KSHB stock recovers about 5% to $5.78 in Friday’s morning session after KushCo Holdings Inc. (OTCQB:KSHB) posted 240% year-over-year revenue growth for the second quarter. Today’s climb gives a breather to shareholders as KushCo stock fell over 6.50% in Wednesday’s session after the company said that it would have to restate the annual financial statements from that period.
Strong Revenue Growth
Late Thursday, KushCo Holdings released its earnings report for Q2 FY2019. In particular, the reports offset whatever advantage the company’s shares would earn from the positive earnings results.
KSHB stock reported a 240% year-over-year increase in net income for the quarter. The $35 million net income is a company record reported in quarterly revenue. Further, the firm revised upwards the net revenue guidance for the FY2019 from $140 million to around $150 million, compared to previously forecasted full-year revenue between $110 million and $120 million.

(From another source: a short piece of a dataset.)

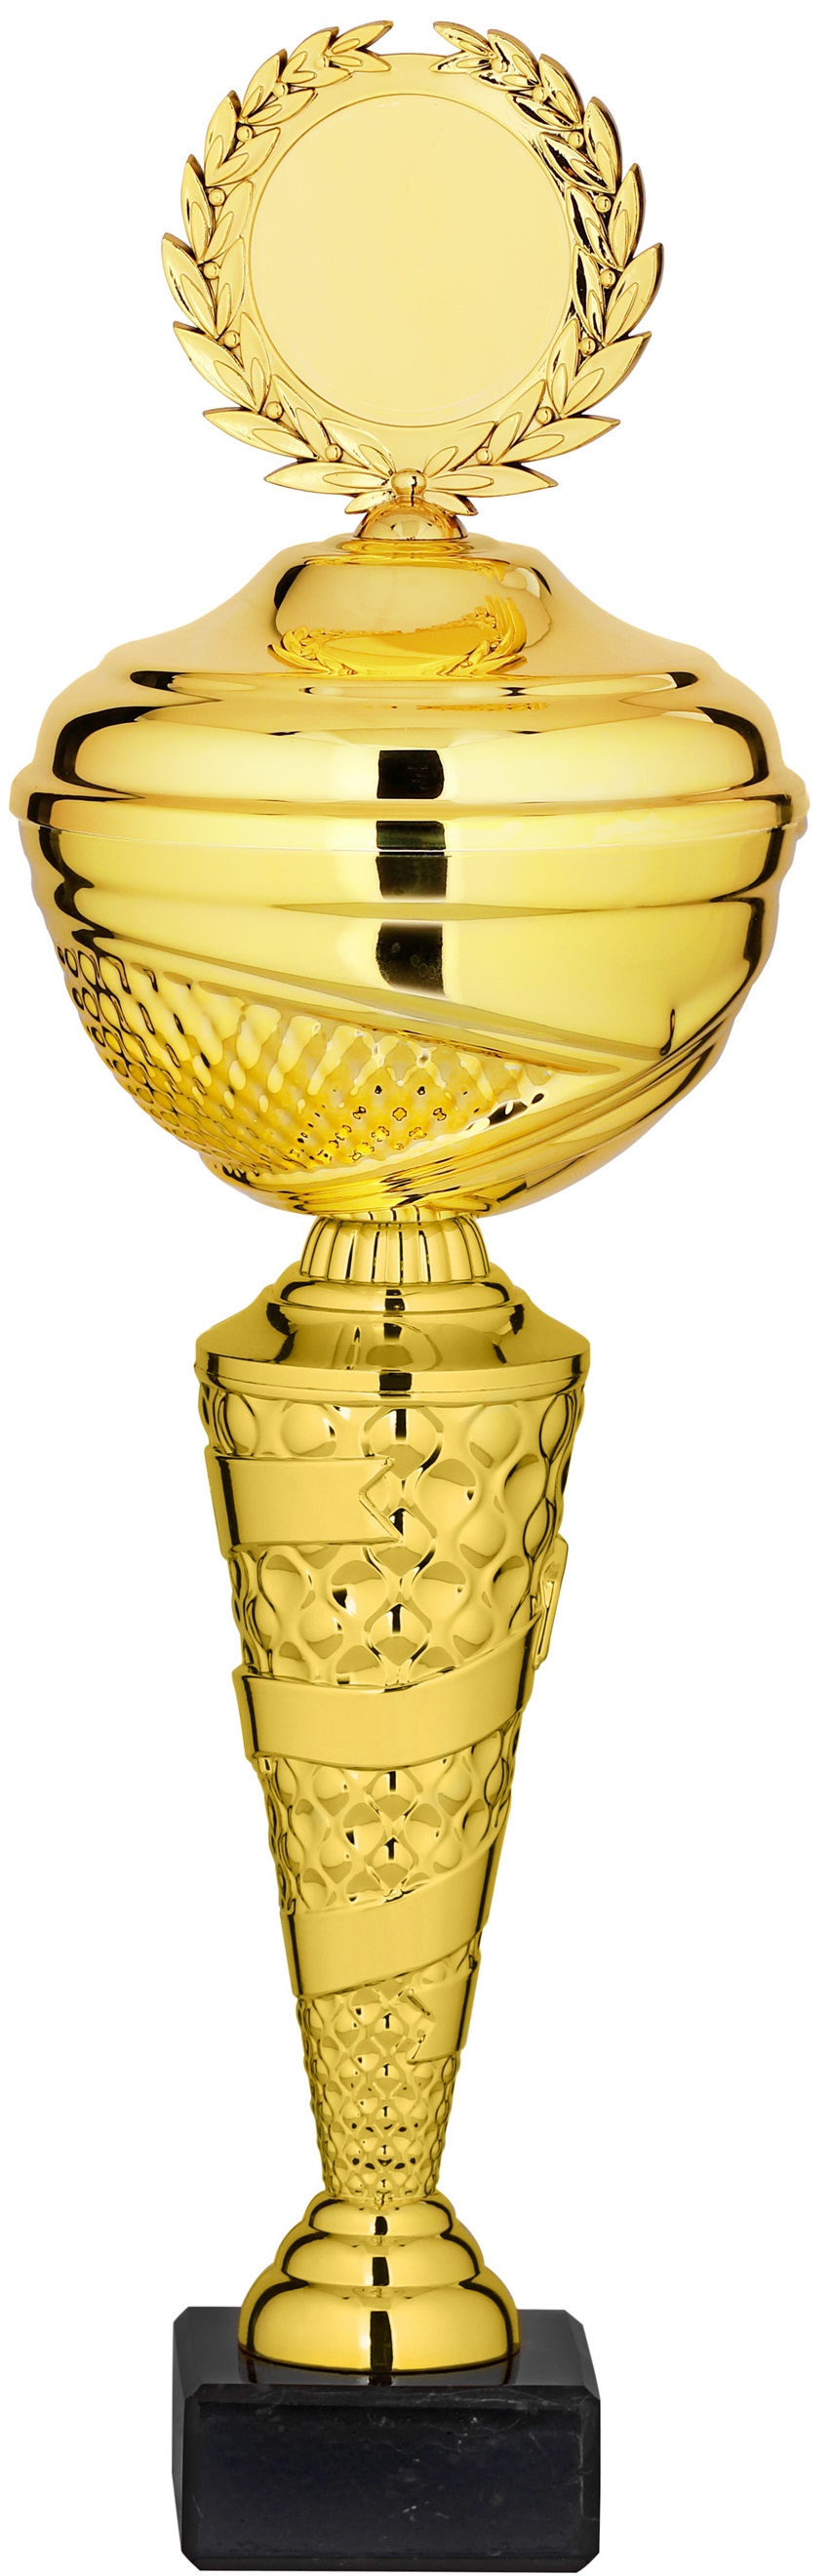 Pokal P600-Gold  inkl. Gravur und Emblem 45,5 cm

KushCo reported a net loss for the latest quarter of $8.9 million, or $0.10 a share, recovered from a net loss in the prior-year period of $7.6 million, or $0.12 a share. Analysts were estimating the company to report a loss of $0.08 a share.
KushCo Holdings CEO Nick Kovacevich said that the strong improvement in revenue stemmed from “our growing customer base and increased sales across our key markets as we successfully leveraged our diverse business units to cross-sell product classes and gain market share.” He added that the company now has “customers in every U.S. state where cannabis is legal and in 25 countries.”
KushCo Holdings’ management believes that the FY2018 was most impacted by errors. There is a possibility for the financial year’s losses doubling from $10.2 million to $24.3 million. Further, the net income for FY2017 is likely to be revised upwards from $100,000 to $1.7 million. In the aftermath of these reports, KSHB stock fell by close to 6.5%.
Following the announcement, various law firms have made clear their intention to sue the company on behalf of investors. Notably, BragarEagel & Squire, P.C said they will investigate the incident, a move which was also taken up by Kaplan Fox & Kilsheimer LLP. The law firms are seeking compensation for the shareholders from the company for the “fraudulent actions” that led to a loss in the value of their assets.